Our physicians and providers have experience treating all types of epilepsy including, but not limited to:
Juvenile myoclonic epilepsy (JME): The most common form of childhood epilepsy syndromes. Symptoms include myoclonic jerks (jerking movements) upon awakening from sleep. This is not to be confused with normal hypnic jerks, which most people experience as they drift off to sleep. Hypnic jerks are normal and are not related to epilepsy.
Myoclonic status elepticus: Multiple myoclonic (jerking) seizures lasting more than five minutes, usually brought on by sleep deprivation or a missed medication dosage.
Temporal lobe epilepsy: The most common form of partial (localized in one area of the brain) epilepsy. Symptoms include an altered state of feelings, emotions, thoughts, memories or hallucinations lasting a few seconds to a couple minutes. Intensity ranges from mild to severe.
Medial temporal lobe epilepsy: Seizures occur inside the hippocampus of the brain.
Neocortical temporal lobe epilepsy: Seizures occur in the outer part of the temporal lobe of the brain. Other names for temporal lobe seizures are complex partial seizure (if there is loss of consciousness) and simple partial seizure (if there is no loss of consciousness).

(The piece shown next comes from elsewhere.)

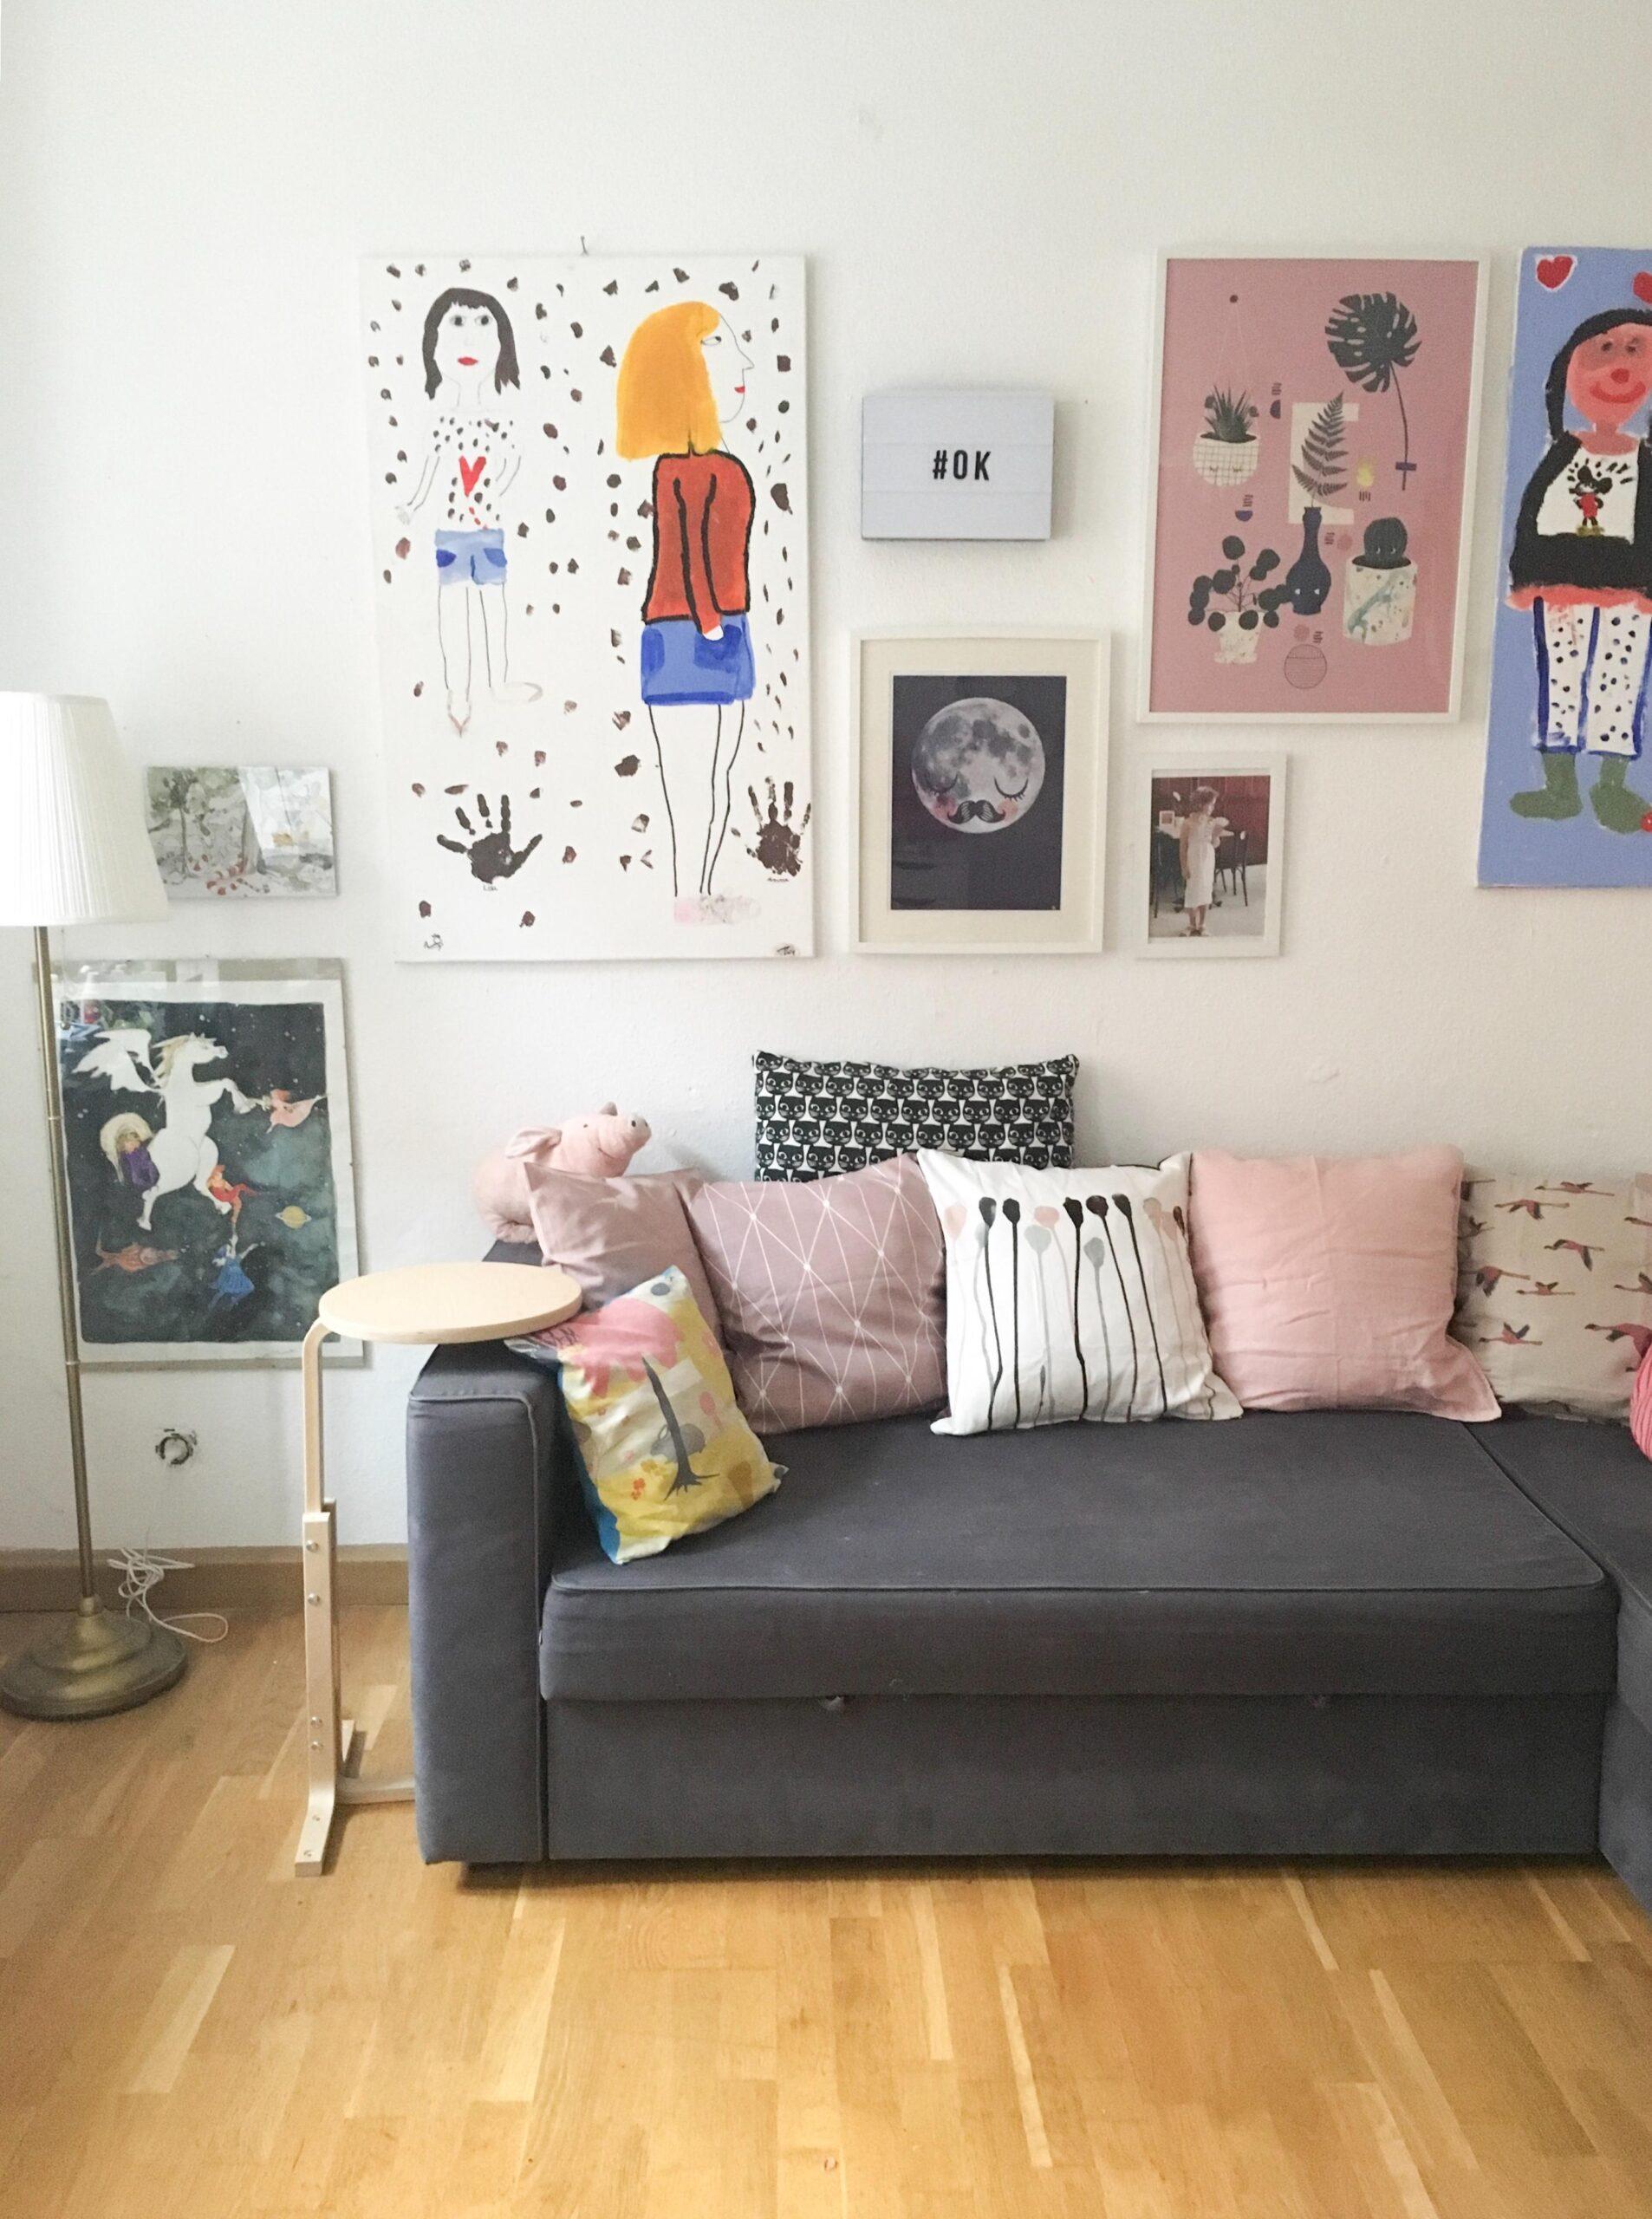 Full Size of Jugendzimmer Ikea Ideen So Wird Das Kinderzimmer Verwandelt Miniküche Küche Kosten Kaufen Bett Sofa Mit Schlaffunktion Betten Bei 160x200 Modulküche Wohnzimmer Jugendzimmer Ikea

Frontal lobe epilepsy: Characterized by brief seizures. Sometimes large movements of arms or legs, screaming, or grimacing expressions are present, depending on the part of the frontal lobe that is affected. After the seizures, the affected person is often confused or tired.
Progressive myoclonic epilepsy: A rare genetic disorder, with onset ranging from infancy to adulthood. It is a combination of myoclonic and tonic-clonic seizures. Seizures become progressively difficult to control over time. Cognitive (thinking) and movement abilities become impaired.
Benign rolandic epilepsy: A form of pediatric-onset epilepsy, characterized by twitching or numbness in the face or tongue, lasting for less than two minutes. No loss of awareness occurs. Seizures usually stop by about age 15.
Infantile spasms (West syndrome): Characterized by multiple, brief, one-second seizures, sudden jerking followed by stiffening. Most common upon awakening from sleep. Onset is typically between the 3-12 months of age. It usually stops by age 4. Most children are developmentally delayed later in life. Many children develop other kinds of epilepsy.
Dravet Syndrome: This syndrome is caused by a genetic mutation. It is diagnosed in infancy. The first seizure is often accompanied by a fever. Some children will experience developmental disability. This is a form of progressive myoclonic epilepsy.
Landau-Kleffner Syndrome: A rare disorder, first diagnosed in early childhood. It affects speech and language understanding. Seizures occur during sleep. Seizure control with medication can be effective.
Rasmussen’s Syndrome: Characterized by seizures, muscle weakness and neurological problems such as thinking or memory ability. Language problems may be present if the disorder affects the language center in the brain, usually the left side.
Ring Chromosome 20 Syndrome: A genetic disorder that can cause issues starting from birth to age 17. Childhood development is usually normal before the onset of mild seizures at night. Behavioral problems and learning disabilities are part of this diagnosis.
Reflex Epilepsy: Characterized by seizures that have specific triggering events, such as flashing lights. An effective strategy is to avoid the problematic stimulus. Medication therapy can also be effective.